[Opening DATA EXCERPTS section]

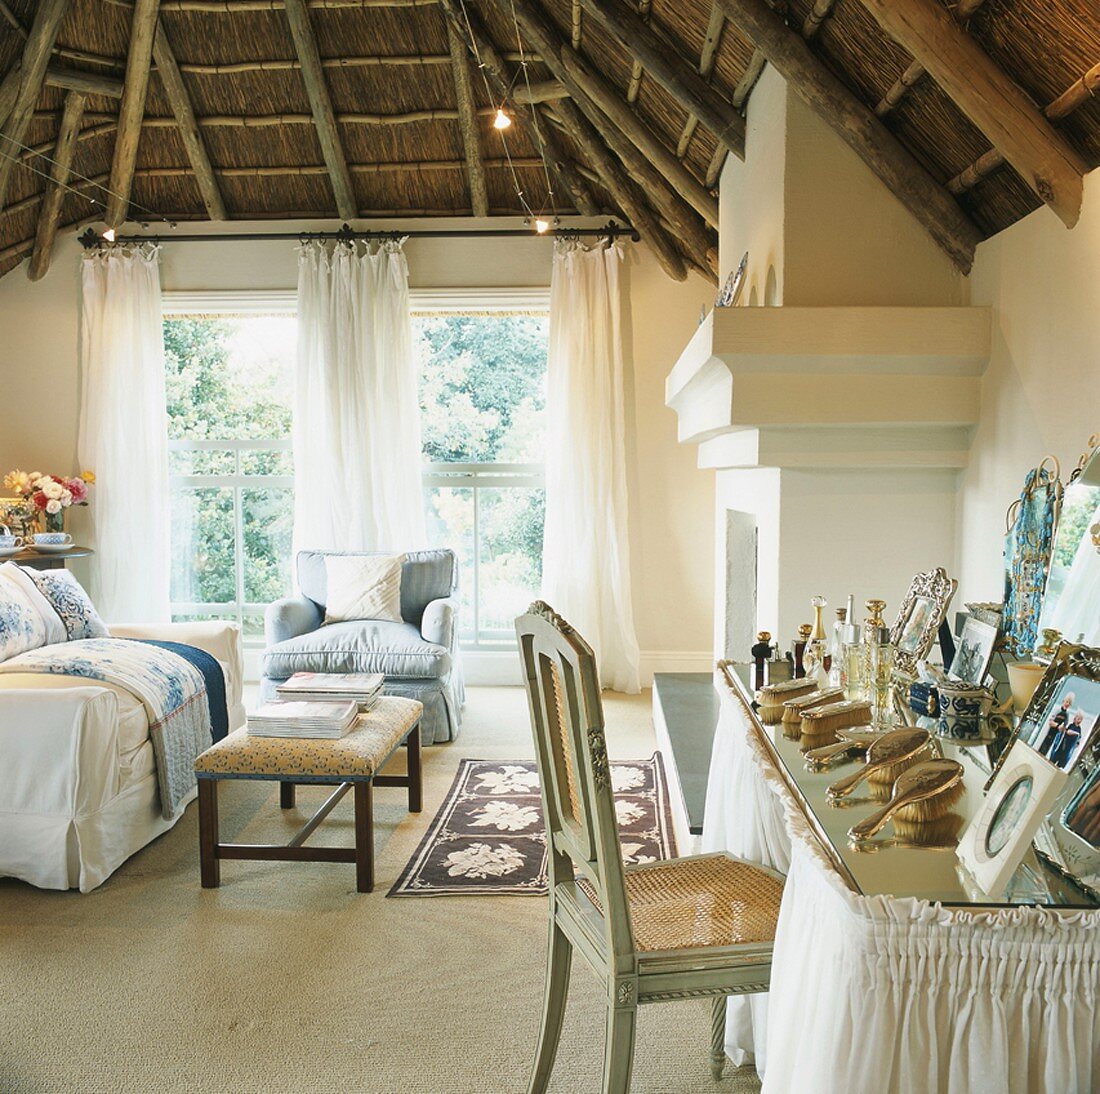 Die traditionelle Holzdecke bildet einen starken Kontrast zur eleganten Wohnzimmereinrichtung mit romantischem Schminktisch
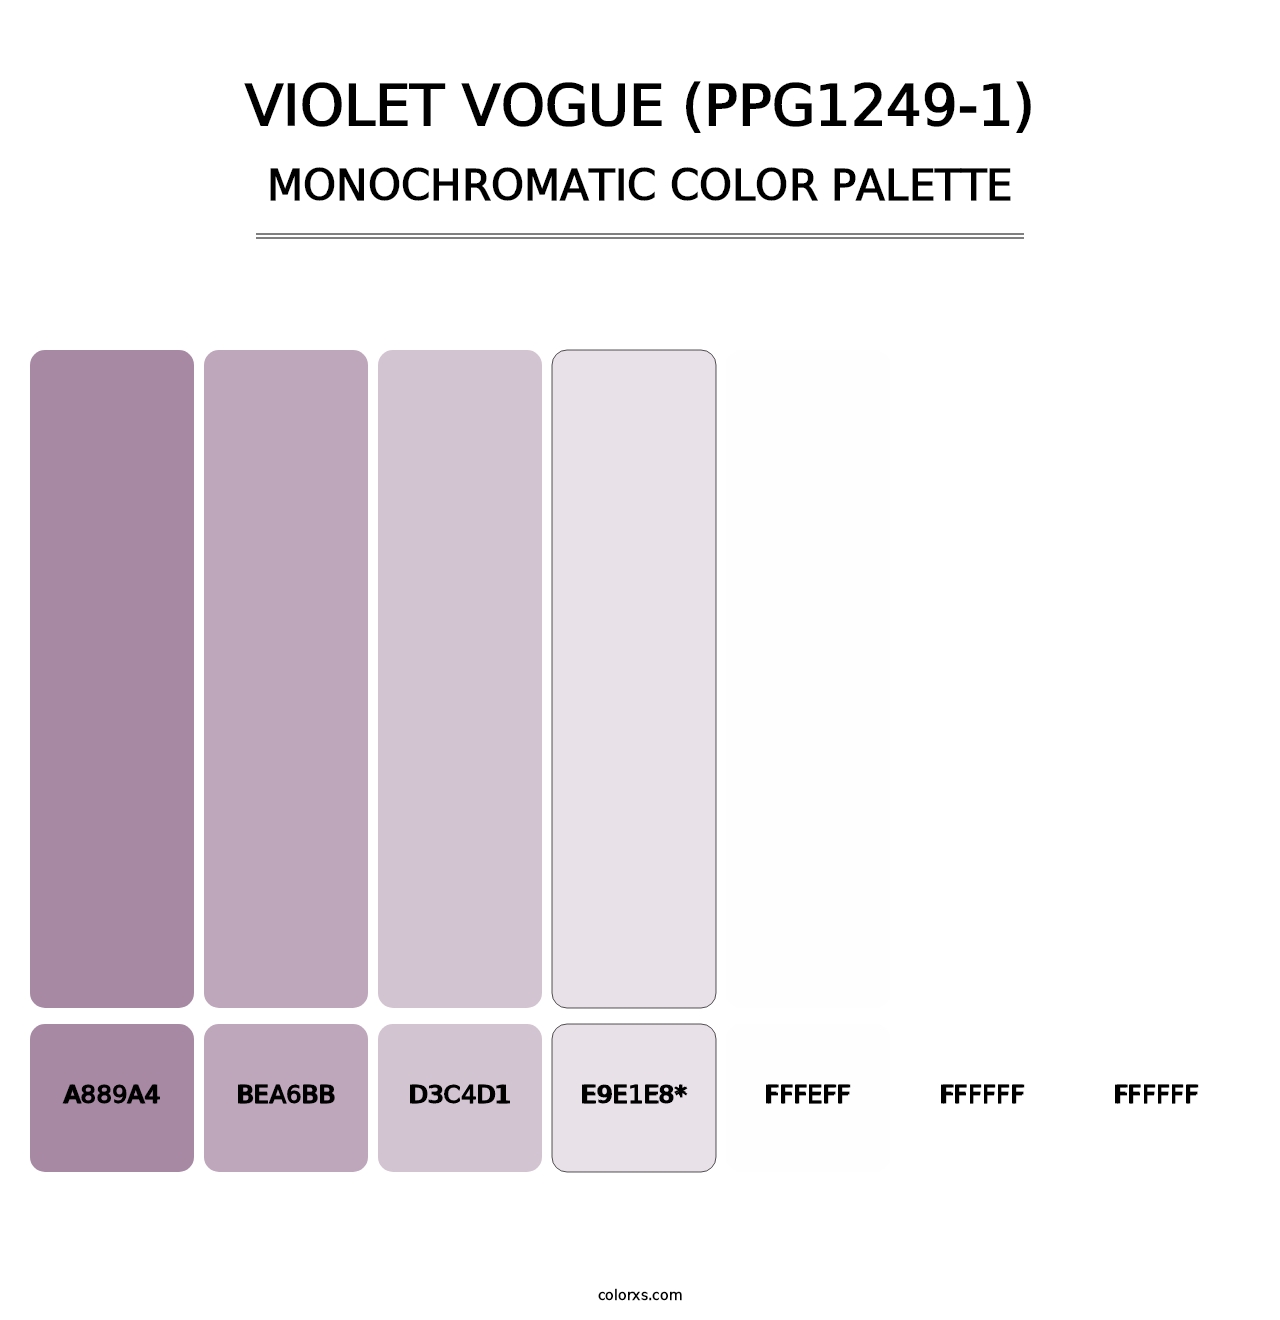 Violet Vogue (PPG1249-1) - Monochromatic Color Palette
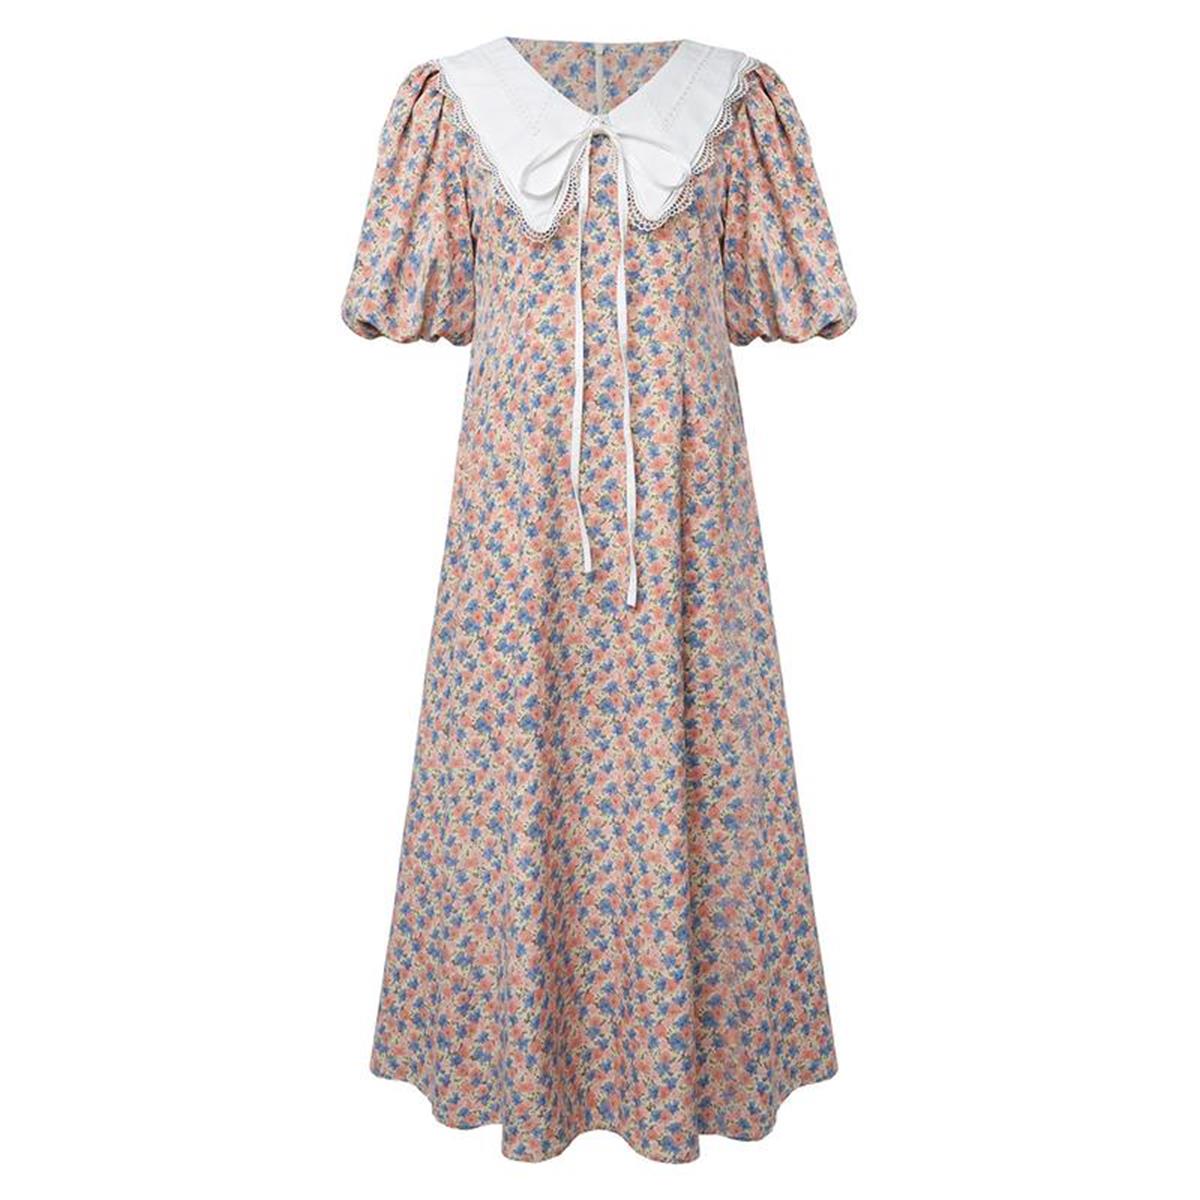 Платье в цветочек с белым воротничком LILIUM — купить в интернет-магазине lio
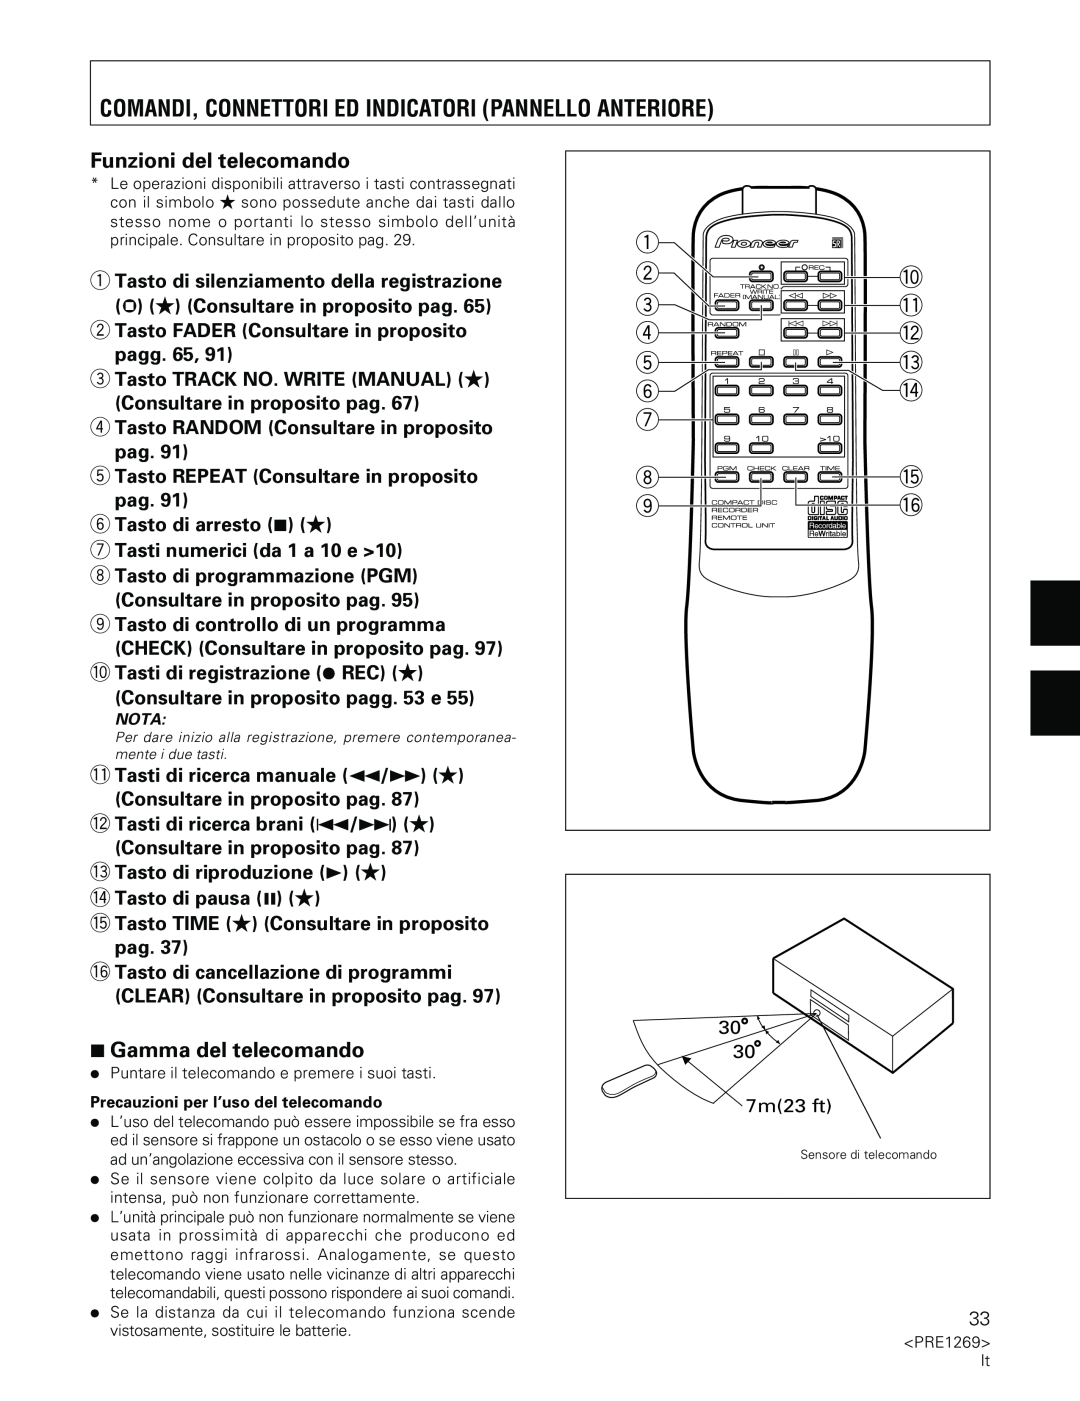 Pioneer PDR-555RW operating instructions Funzioni del telecomando, 7Gamma del telecomando 
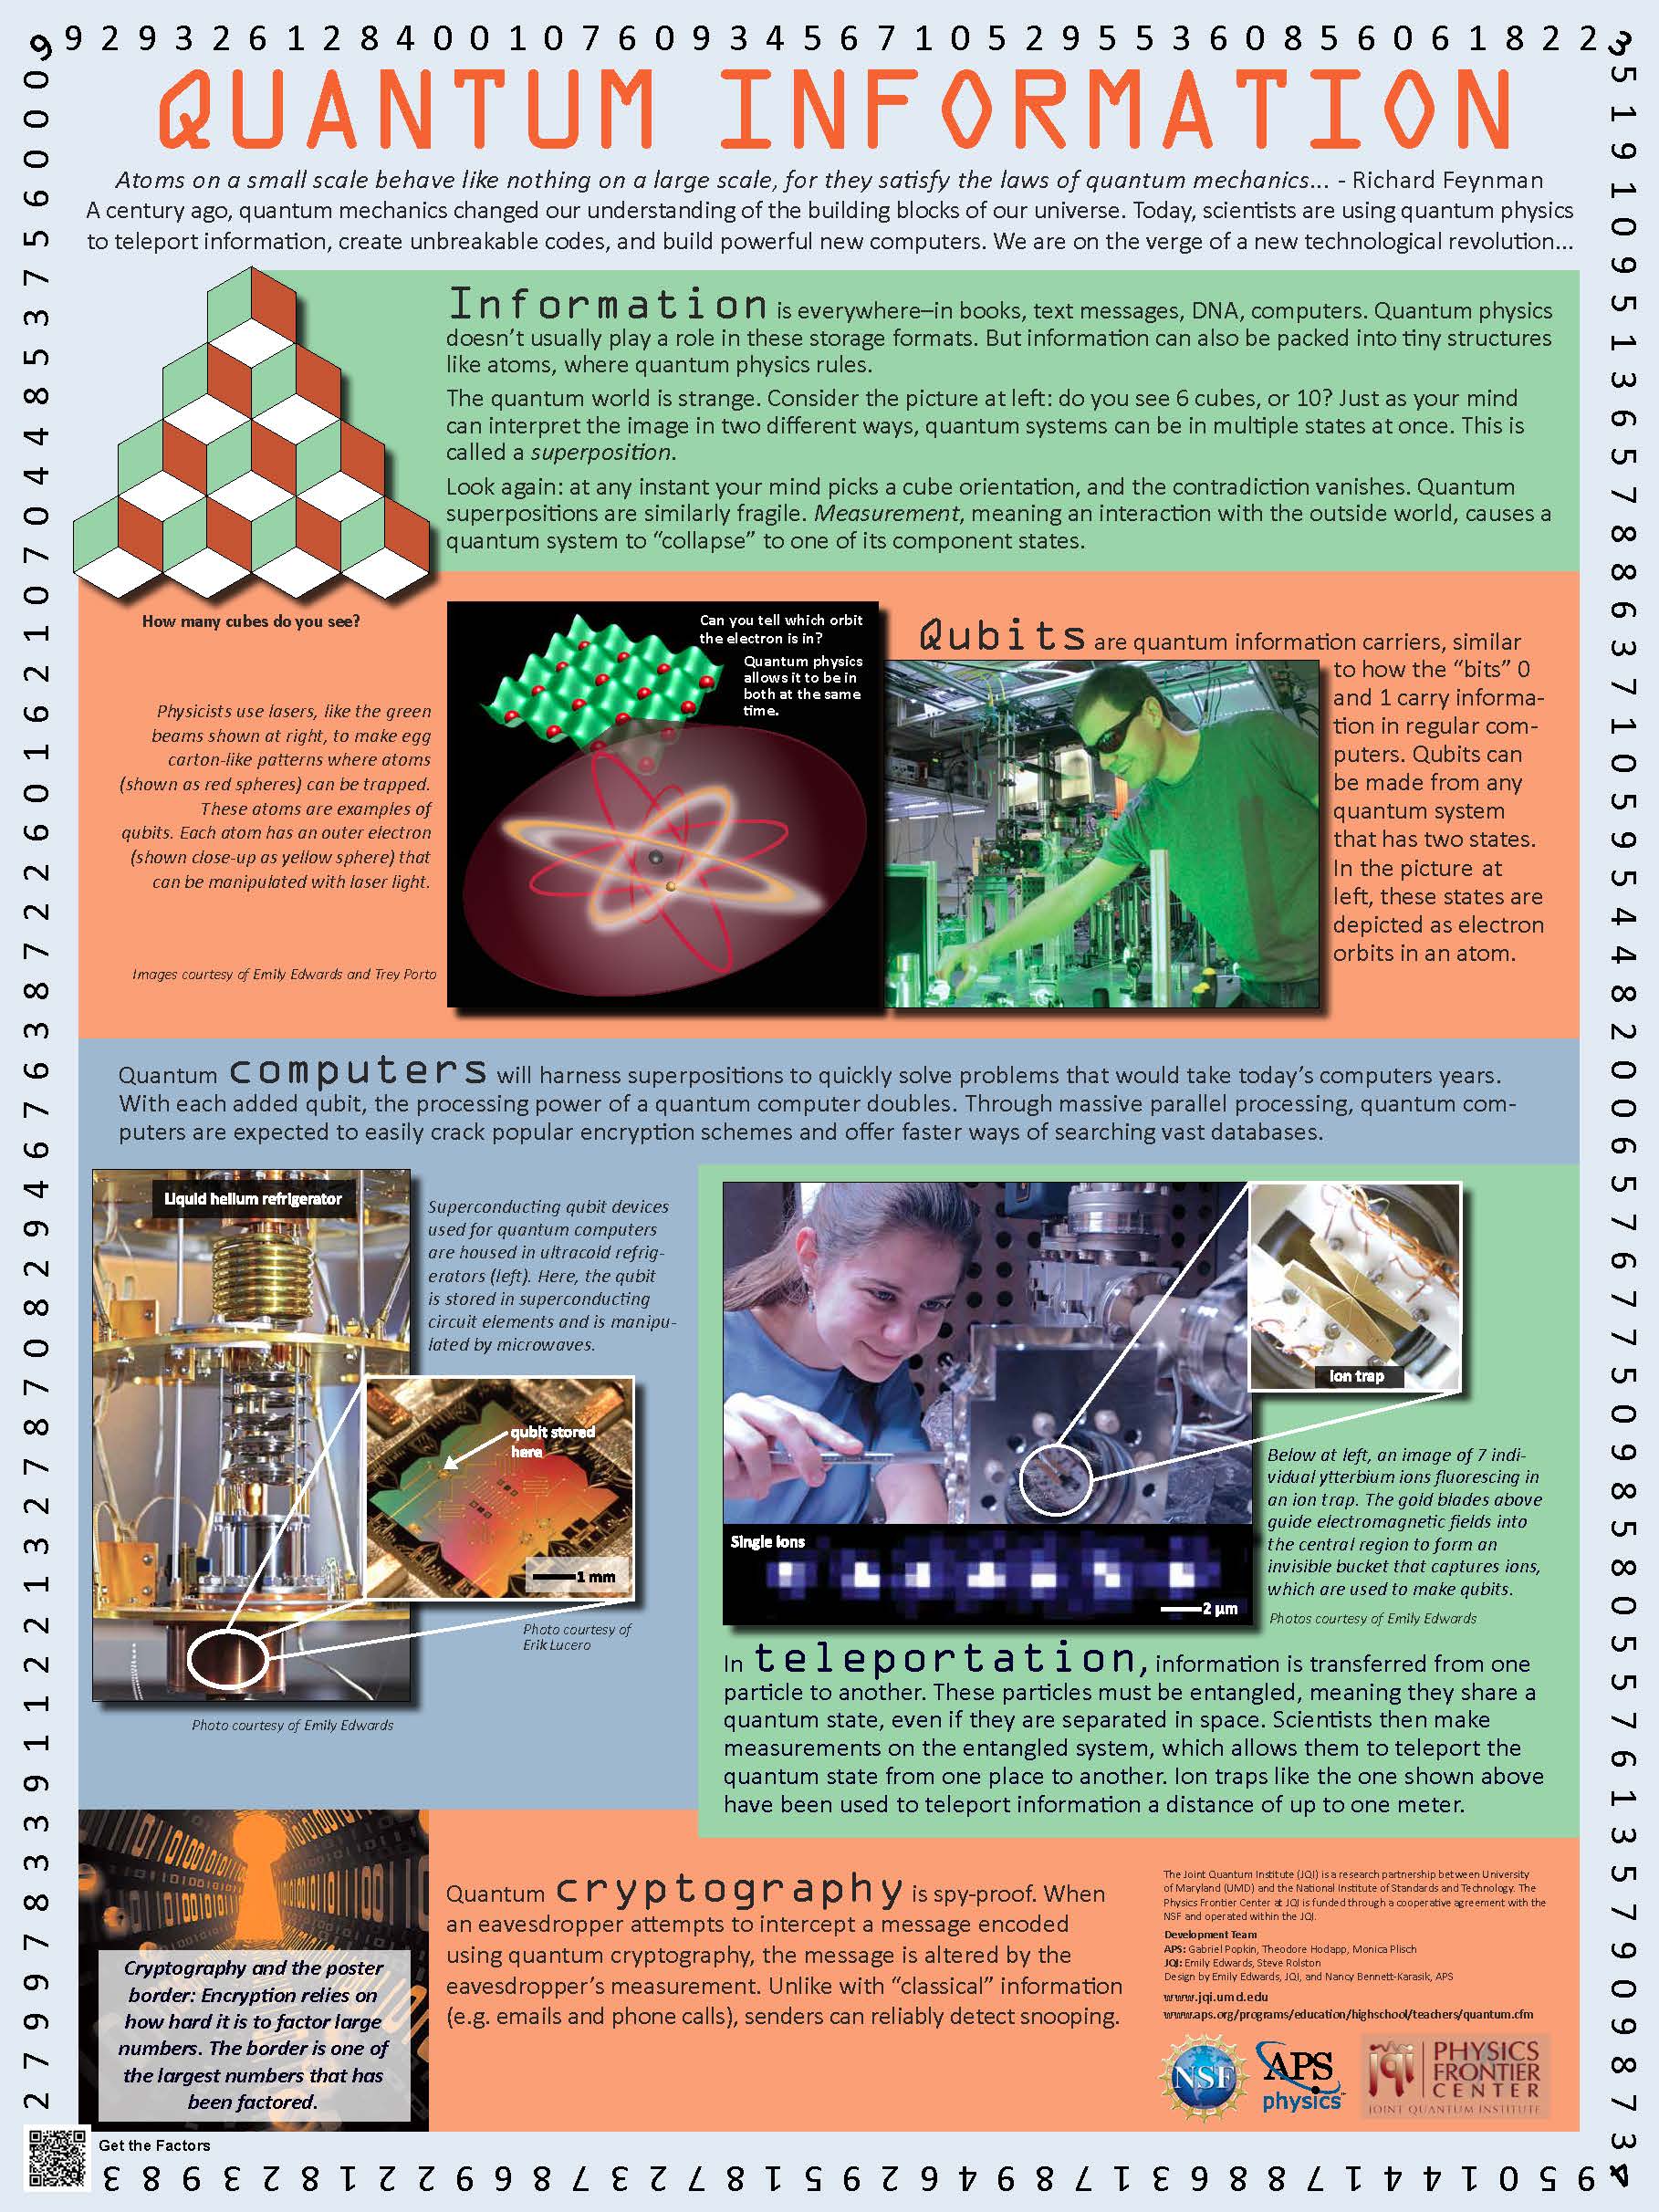 Quantum Information poster

[Closing DATA EXCERPTS section]

◆ EXERCISE AIM ◆
Retype the records above exactly, starting at the line that contains "Платье в цветочек" and going through the last line, and leave out any pictures.

◆ OUTPUT OF THE TASK ◆
 Платье в цветочек с белым воротничком LILIUM — купить в интернет-магазине lio
 Pioneer PDR-555RW operating instructions Funzioni del telecomando, 7Gamma del telecomando 
 Quantum Information poster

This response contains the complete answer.